Health Magazine

MAHE: A Fantastic Test Experience of an Unfair Evaluation System

Posted on the 19 February 2012 by Pranab @Scepticemia

manipal university logoI took the Manipal MD/MS PG Entrance examination today (aka MAHE) and as it was the first ever online test I was going to sit for, I was naturally a little excited and tensed about it. I managed to work it up to a bit of a useless frenzy last night. But I must say the exam was not worth all that much of a headache. The paper was a bit unorthodox. There were a lot of exotic questions and were mostly of the “hit or miss” variety. Either you knew them or you didn’t – there was no way you could use you basic concepts or foundation knowledge to work them out. Naturally, I came out with a poor score. Just managed to cross 60%. And even then, I was the 3rd highest scorer in the session, which was topped by a guy with 67% marks. Not great by any standards.

Anyways, coming to the exam experience – the exam went really smoothly. Not a single hitch with the computer or the mouse, really fast identity verification system, cool and quiet surroundings – they were ideal for the exam, to be honest. However, the paper being as messed up as it was, there is little I can say about it going smoothly.

Overall, it was a great experience to take my first online exam and I must say a lot of kudos goes to Manipal for developing the examination software. It was really no-frills, user-friendly, no nonsense stuff.

But, me being the grumpy ol’ me, I have an ax to grind with the Mani-peeps. The evaluation system is rather unfair. In all honesty, the paper today was not like the ones before when people traipsed in and out with 70%+ scores. It would be grossly unfair to rate the examinees who took the test in my session with some of the sessions before where almost everyone had 60%+ scores. In my session only about 5 people out of 40 odd seemed to have got the qualifying marks of 50%!

I guess a fairer evaluation system would be to use a session-by-session percentile which would then be used to give the merit ranks instead of simply ordering in position by the marks scored. However, it seems that people have been making this demand ever since the online exam system took off, but for some reason, Manipal University has been loathe to take it up.

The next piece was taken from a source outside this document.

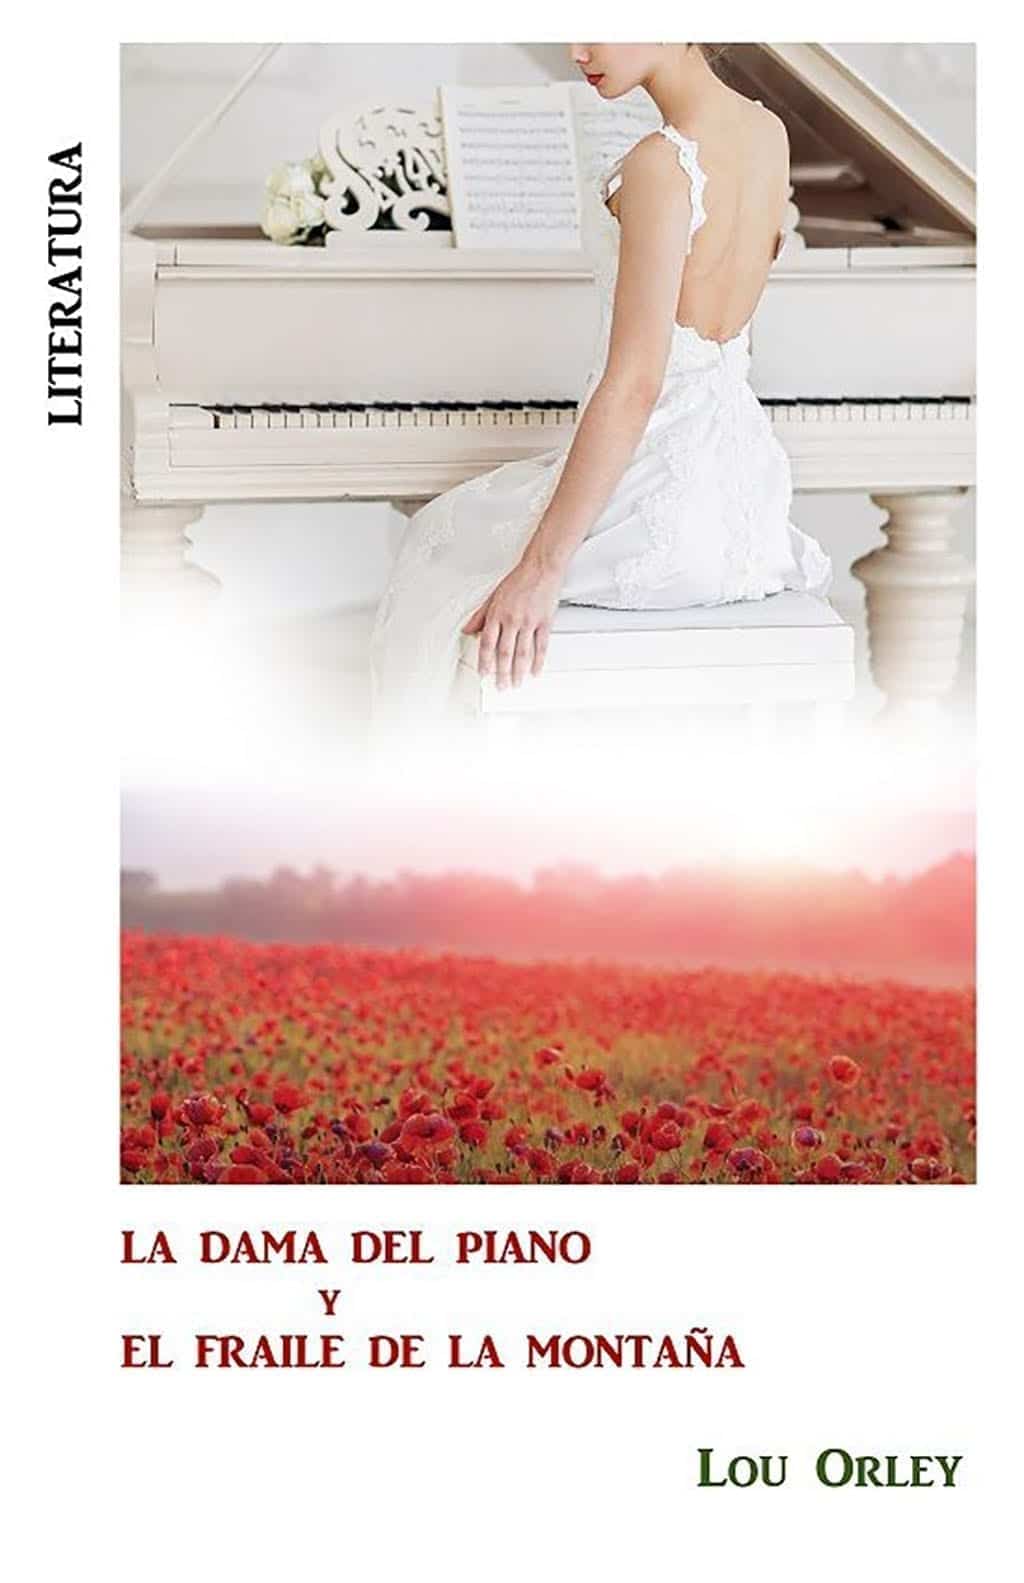 Lou Orley se estrena en la literatura con "La dama del piano y el fraile de la montaña"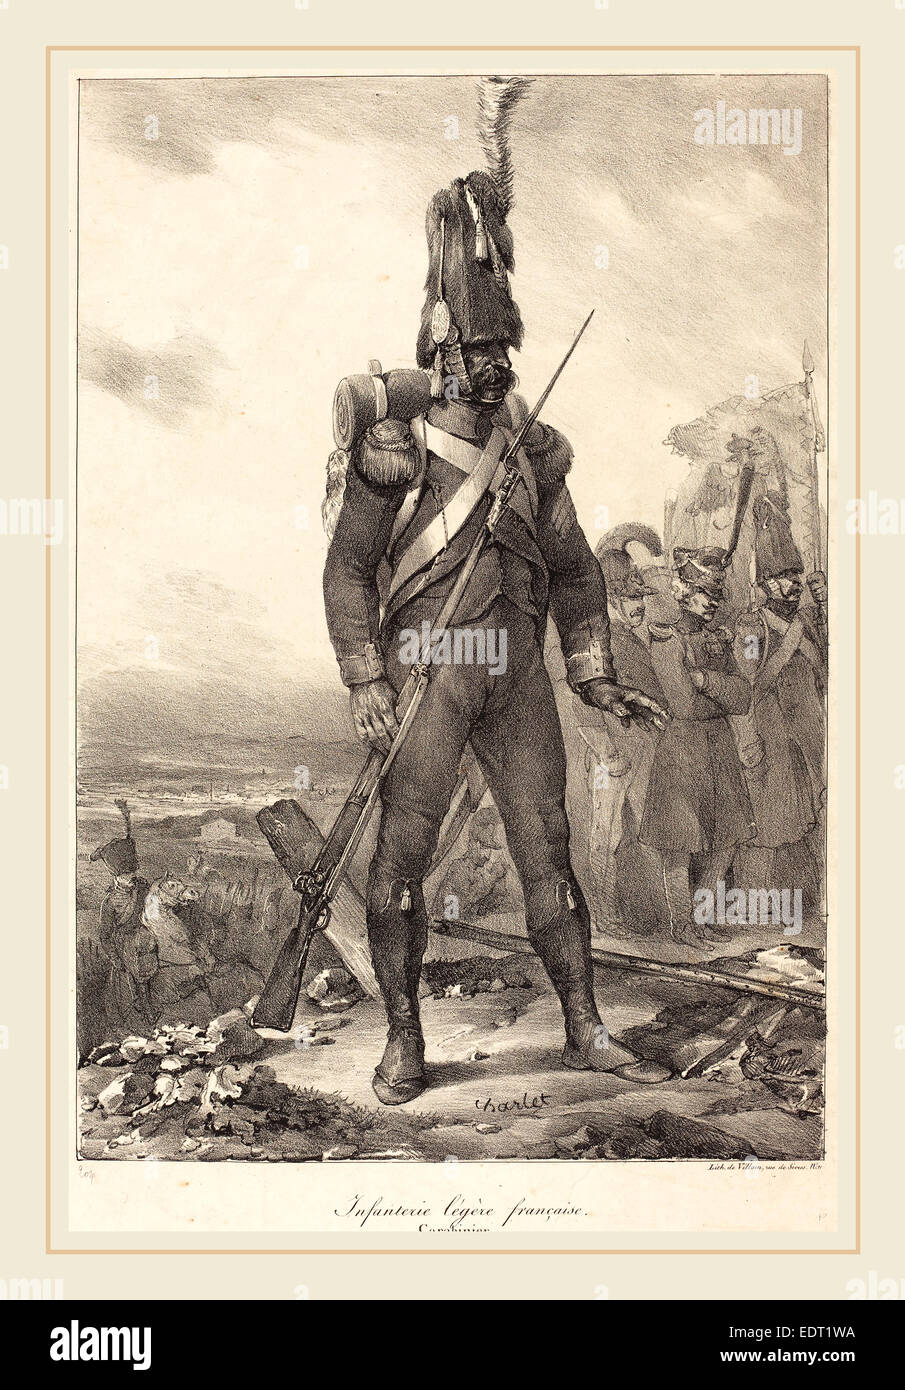 Nicolas-Toussaint Charlet (French, 1792-1845), Infanterie legère française, Carabinier, 1822, lithograph Stock Photo

I was hopeful that there must be some sort of standardization of scores between the different sessions, because honestly speaking, I felt a bit miffed after I came out of the exam with the score I got. I know that is clouding my judgment but all said and done it is not fair to compare students who took tests on entirely different sets of papers of wildly varying degrees of difficulty using the same benchmark, without even standardizing their scores!

Anyways. I have been to Manipal before and it is one of the most awesome places to study Medicine. Yes, the courses are damn expensive (hence the cliché of a pun, MONEYpal, getting more mileage than it deserves) but then again, from what I have seen, the facilities are top notch as well. I do not know whether I would have been able to afford anything there but truth be told, I would still have liked to do better on the test.

Anyways, with that my PG Entrance exam season is drawing to a close and leaving me facing more questions – most of them more difficult than any asked in any of the entrance examinations. If you are reading this and plan to go take the MAHE, here’s wishing you all the best. May you score below 60%.

And on that note, here is the crowd favorite Manipal University Theme sung by Raghu Dixit (we were shown this when we went to Manipal for a conference and guess how shocked we were to see that the uni had a theme song… it was uber cool):

Godspeed, examinees!

P.S.: The below 60% quip was just a joke. I hope you do well… no, really!